In terms of how one manages to do something innovative when the call is almost always to do things in the same way, I would say you have to do it loudly. And by that I mean that so often, people believe when they’re in a leadership role that they are at risk if they do not follow the guidance that they are given or the terms of their contract or a host of other constraints. I always felt that my leadership was best when I wasn’t doing that. There is some risk-taking one has to assume in this. What people are looking for in a leader is not someone who just knows how to follow the rules. They’re looking for people who know how to offer something different. The more you do that, the more your stock goes up.
When I was approached about my first presidency at Smith, I said ‘I think there’s been a terrible mistake.

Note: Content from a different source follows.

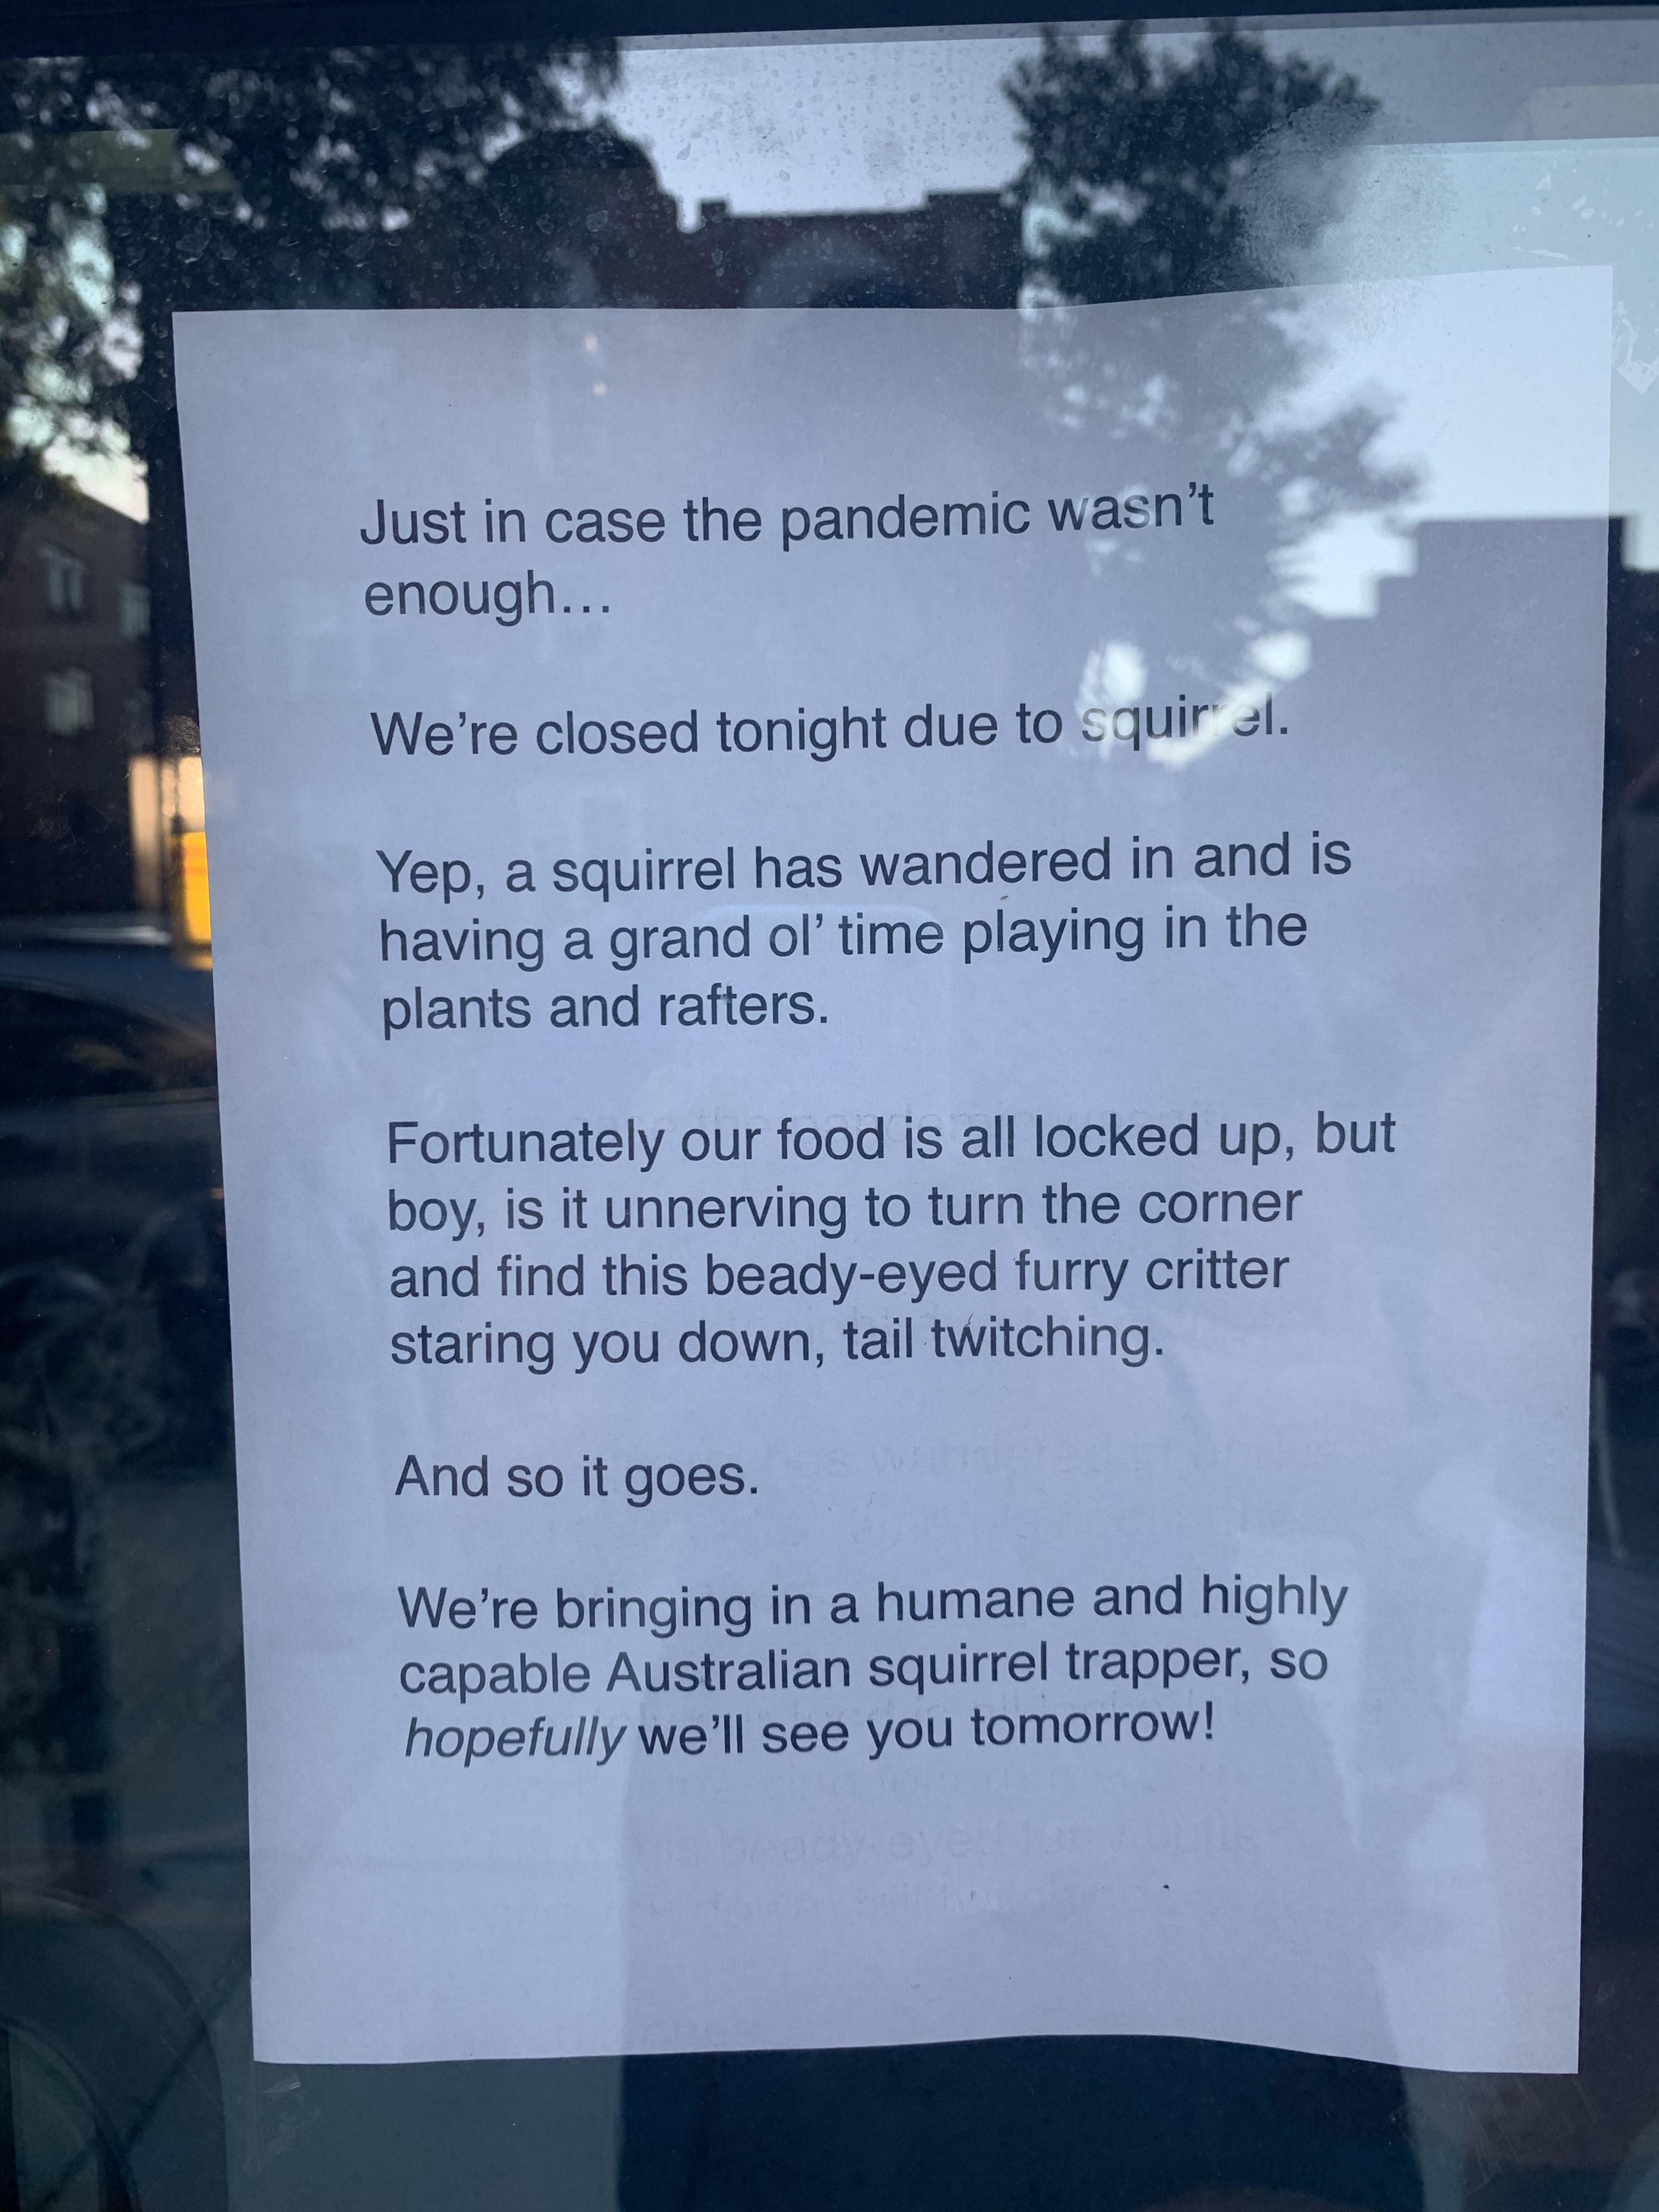 Due to squirrel.

You can’t possibly know who I am and want me to be president of Smith. We talked about it and I said, ‘I can only be president on the terms that I understand as authentically relating to who I am as a person.’
They accepted that and I became a president. I said, ‘The first thing we’re going to do is create an engineering program at a women’s college. The response was, ‘We don’t do that here. We’re a liberal arts institution.’ But the overriding mission of the university was to create opportunities for women where they did not exist before. If you’re no longer useful as a women’s college, you might as well be just another college.
Bring whatever you do to a test: Are we doing what we should in order to fulfill our mission in the best possible way? We look first to our students and ask, ‘Are we doing the right thing for them?’ Come hell or high water, we must push hard against any restrictions that will prevent us from doing that.
None of the rules matter. You do what you need to do to offer promise, to constantly push the envelope trying to do new things to meet your mission. A lot of people are kind of bored with education because they think that we don’t have enough good ideas and we are just trying to keep things the same. Well, some of that is probably earned by us. What an opportunity there is (amid crisis) to push the envelope and to say why we are doing this now.